Methods: This is a survey-based study comprising a representative sample. A multiple-choice survey was administered through the CloudResearch platform and participants were matched for age, sex, and other demographics to reflect the current US census.
Results: 1000 participants were included with a mean age of 45.3 ± 16.1 years. Respondents ≥ 65 years old were significantly more likely to never have been screened for scoliosis compared to the 18-64 cohort (62% vs. 38%; p < 0.05). The majority of respondents (54%) correctly responded that X-ray is the typical diagnostic tool. Primary treatment modalities thought most useful by participants were physical therapy (80%) followed by spinal braces (66%). In terms of surgical treatment, 61% stated that fusion surgery was the typical treatment whereas 51% felt that motion-preserving surgery with disc replacement was a viable treatment option. Participants were most likely to identify orthopedic surgeons (81%) as most likely to treat ASD, followed by physical therapists (75%). The majority (80%) believed that surgery was effective treatment and only 4% believed that surgery was ineffective. Respondents ≥ 65 years old were significantly more likely to rely on primary-care referral (95% vs. 89%; p < 0.05) for selecting a surgeon and less likely to rely on health insurance, hospital name, and social media. The majority of respondents (73%) expected to return to baseline after surgery with only some minor limitations. Only 2% of respondents thought that the rate of any complication or likelihood of reoperation was ≥ 50%.

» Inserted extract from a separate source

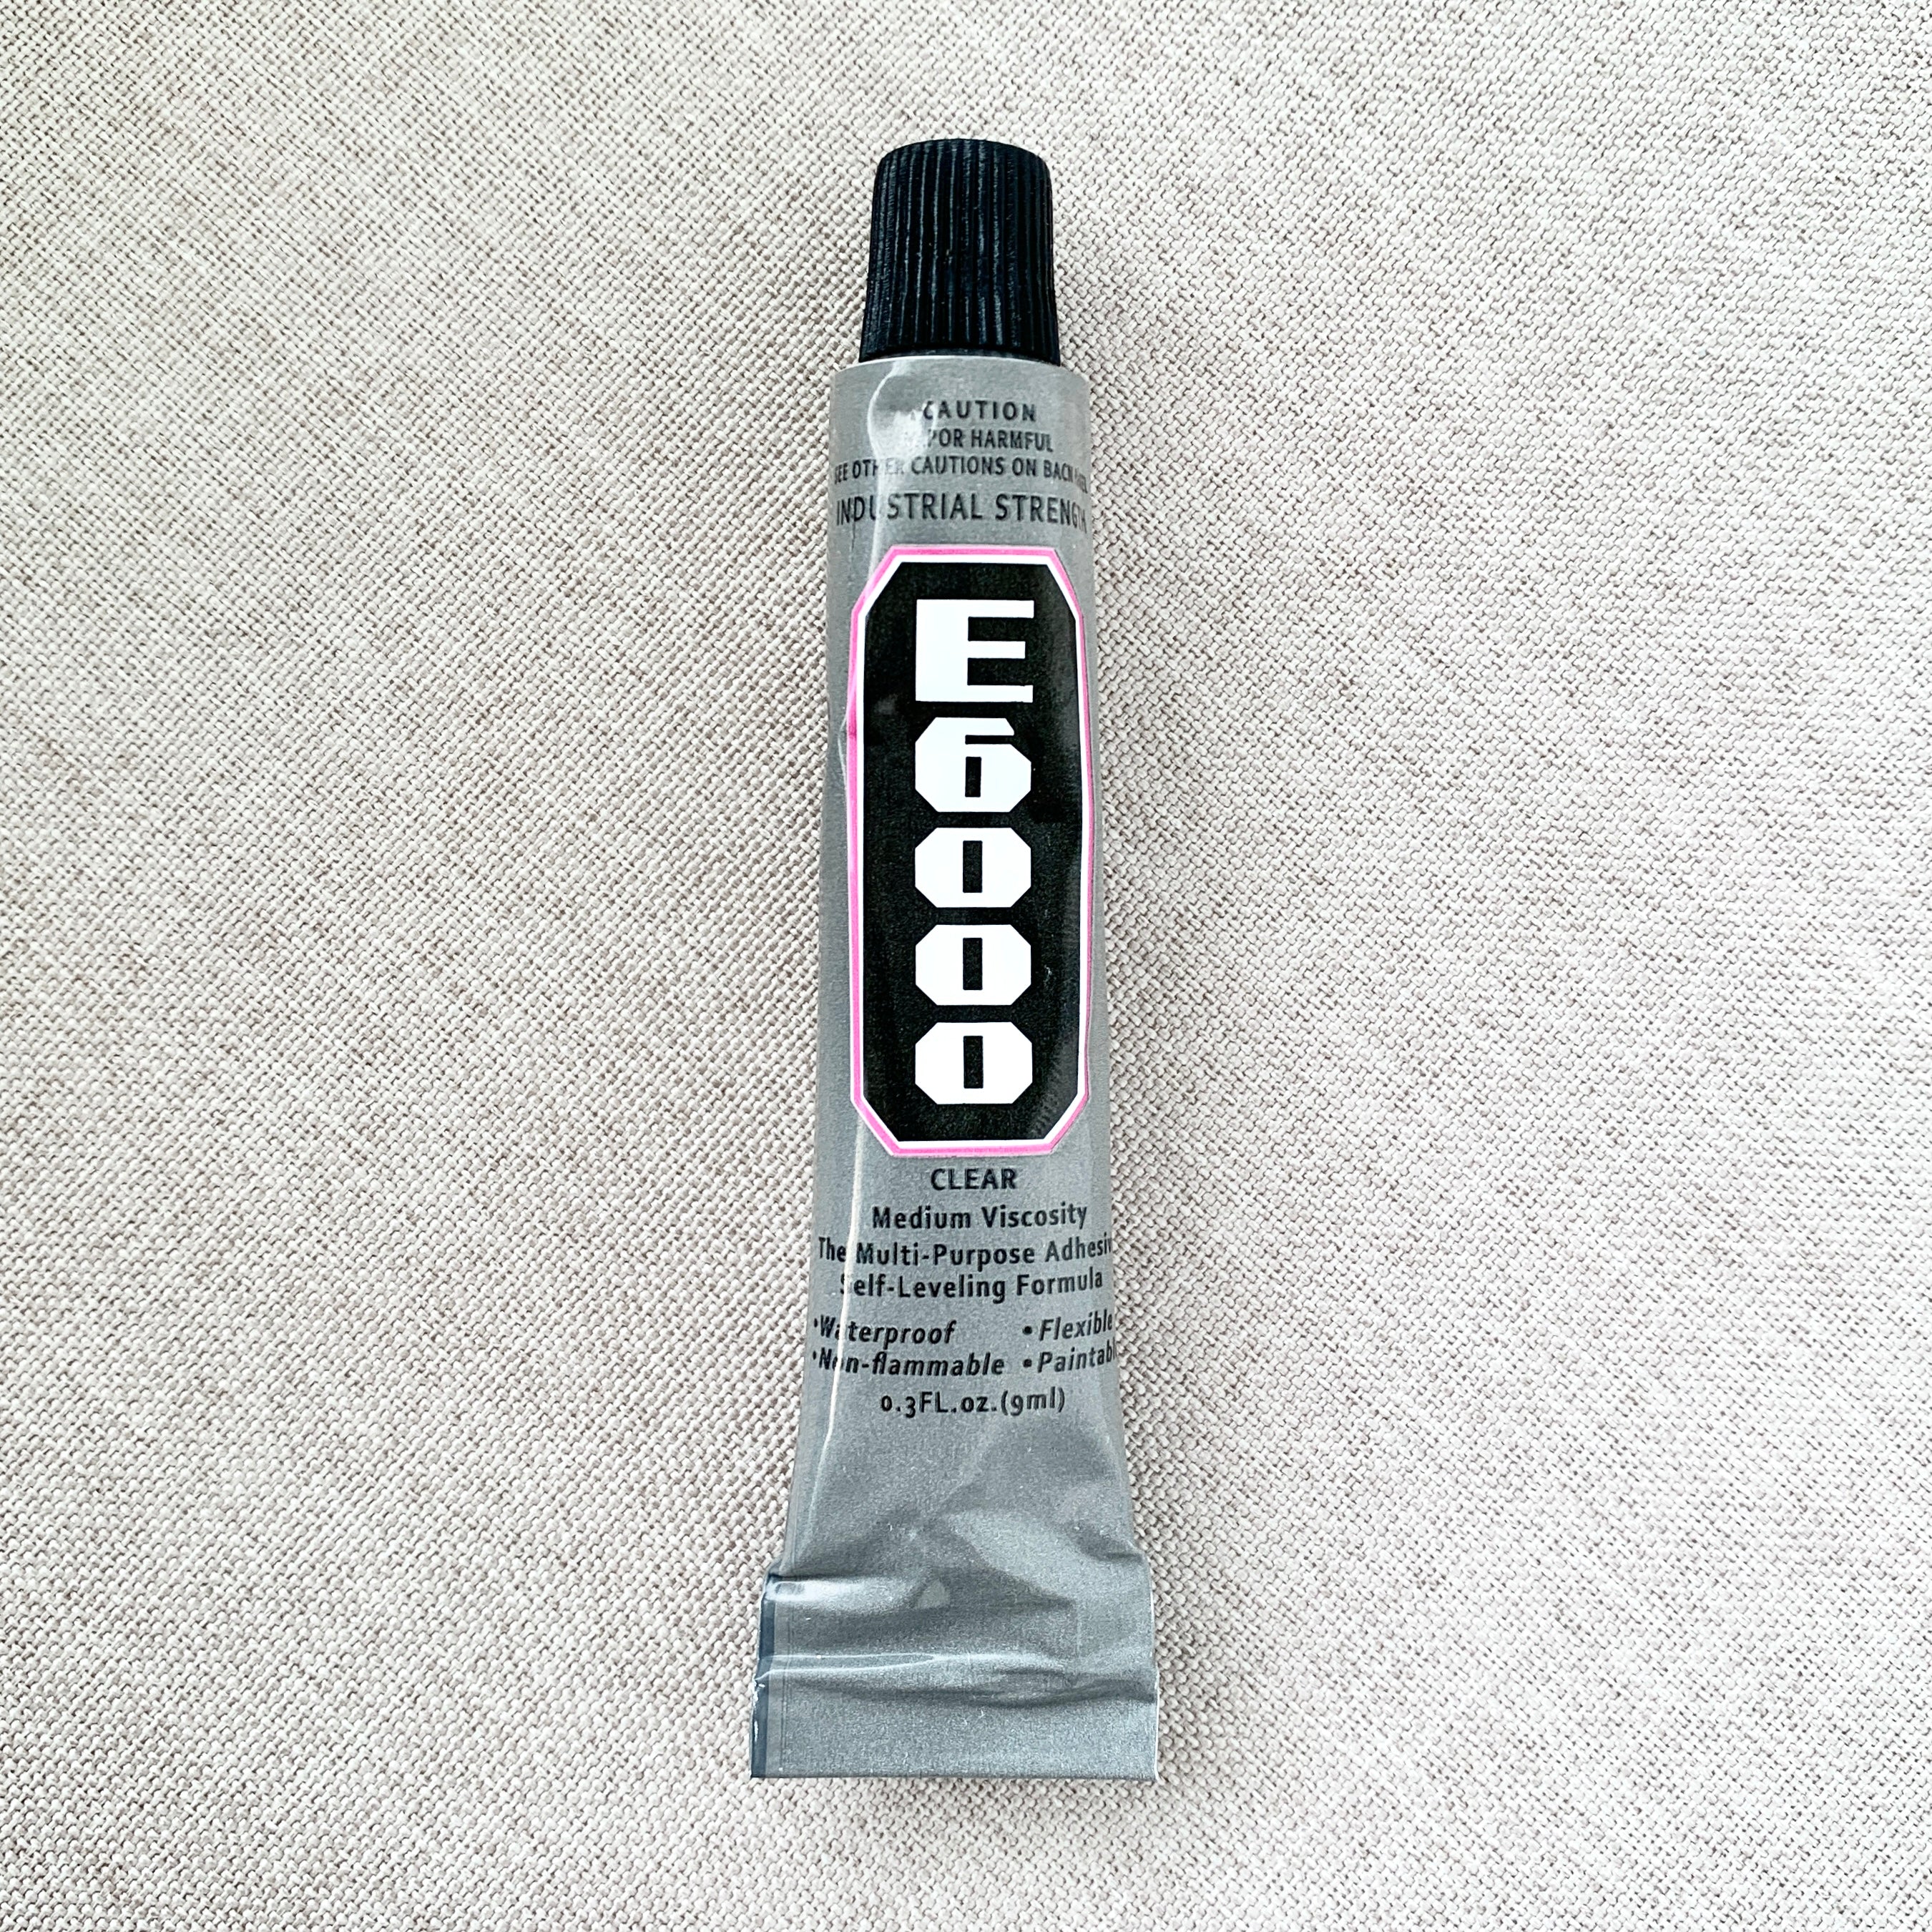 E6000 Glue - 9mL - Craft Glue - Flexible Glue - Glass Bottle Top

Conclusion: This study is the first of its kind to utilize an online crowd-sourced survey to comprehensively investigate perceptions of ASD and demonstrates a trend toward significantly lower scoliosis screening rates in respondents > 65 years old. While awareness was relatively high in domains, such as symptoms, diagnosis, and treatment, common misconceptions persisted regarding disease pathophysiology, expected recovery, complications, and pain; areas where perceptions underestimated risks compared with published outcomes. These findings highlight important knowledge gaps that may influence care-seeking behavior, referral patterns, and expectation management, demonstrating the need for targeted educational initiatives.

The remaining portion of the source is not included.